- _INSTRUCTIONS TO FOLLOW_:
Return only the lines of the listing below that run from the line with "JVC FS-P550 OTHERS" through the line with "Breathtaking View of", both ends included, exactly as written.

- _DATA_:
__________________________________________________

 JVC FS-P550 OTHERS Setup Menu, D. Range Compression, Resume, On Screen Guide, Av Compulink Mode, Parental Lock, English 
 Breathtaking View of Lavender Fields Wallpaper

__________________________________________________

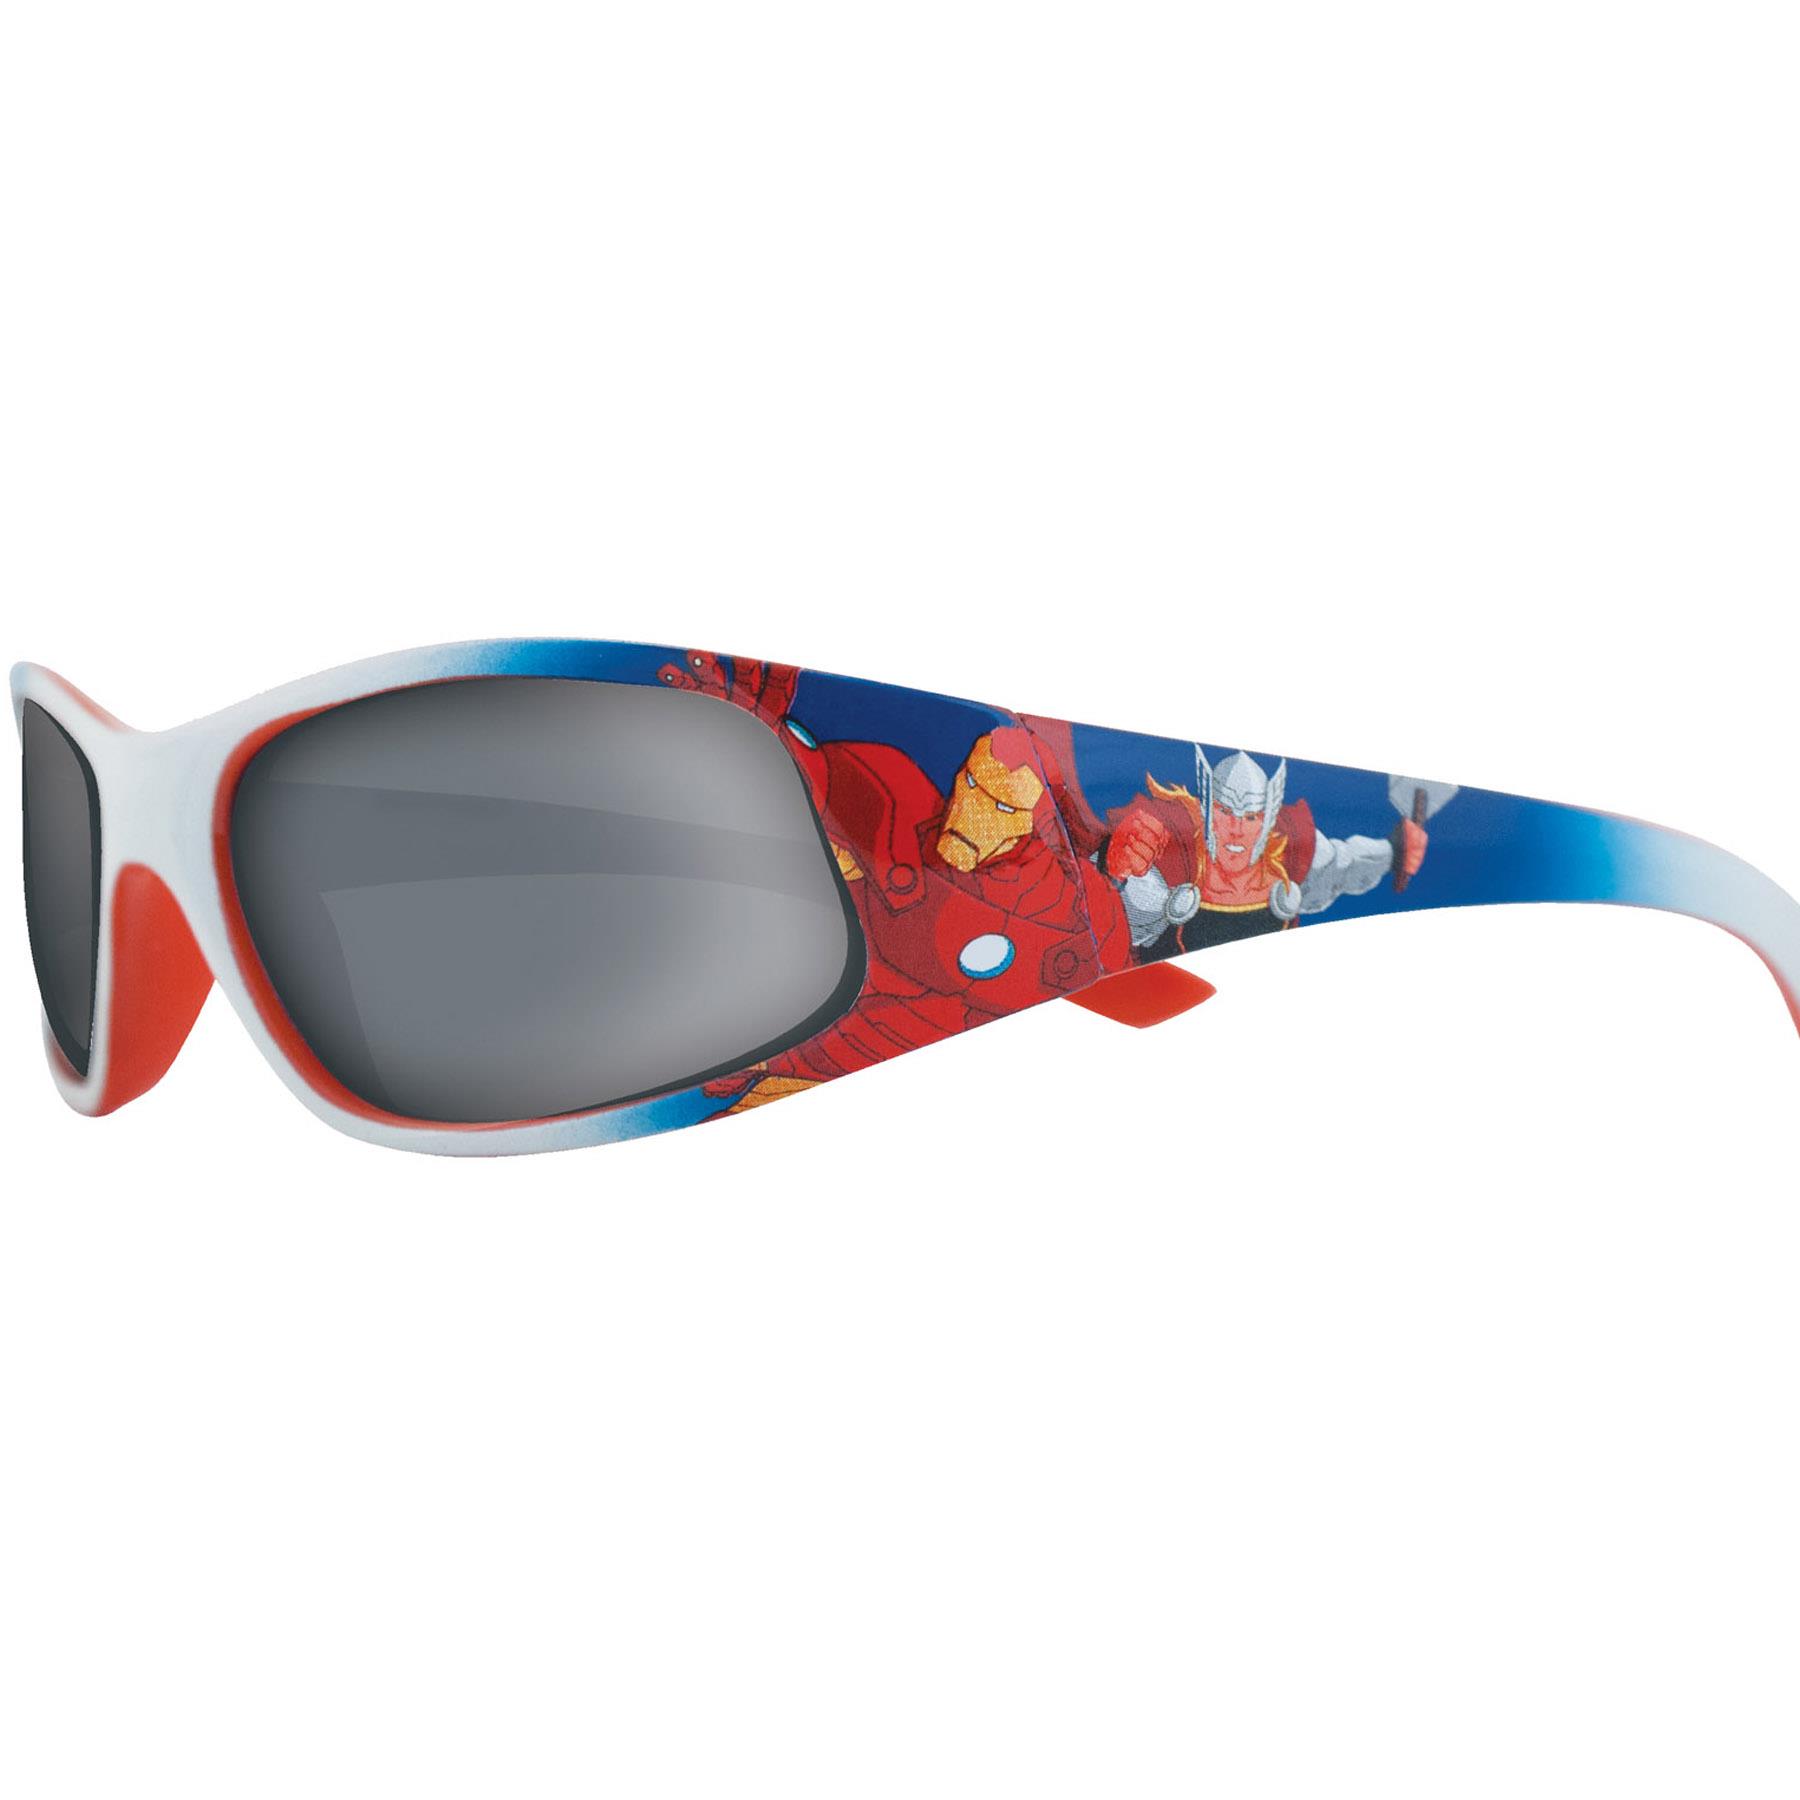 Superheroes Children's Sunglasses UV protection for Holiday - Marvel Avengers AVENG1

__________________________________________________

- _YOUR RESPONSE_:
 JVC FS-P550 OTHERS Setup Menu, D. Range Compression, Resume, On Screen Guide, Av Compulink Mode, Parental Lock, English 
 Breathtaking View of Lavender Fields Wallpaper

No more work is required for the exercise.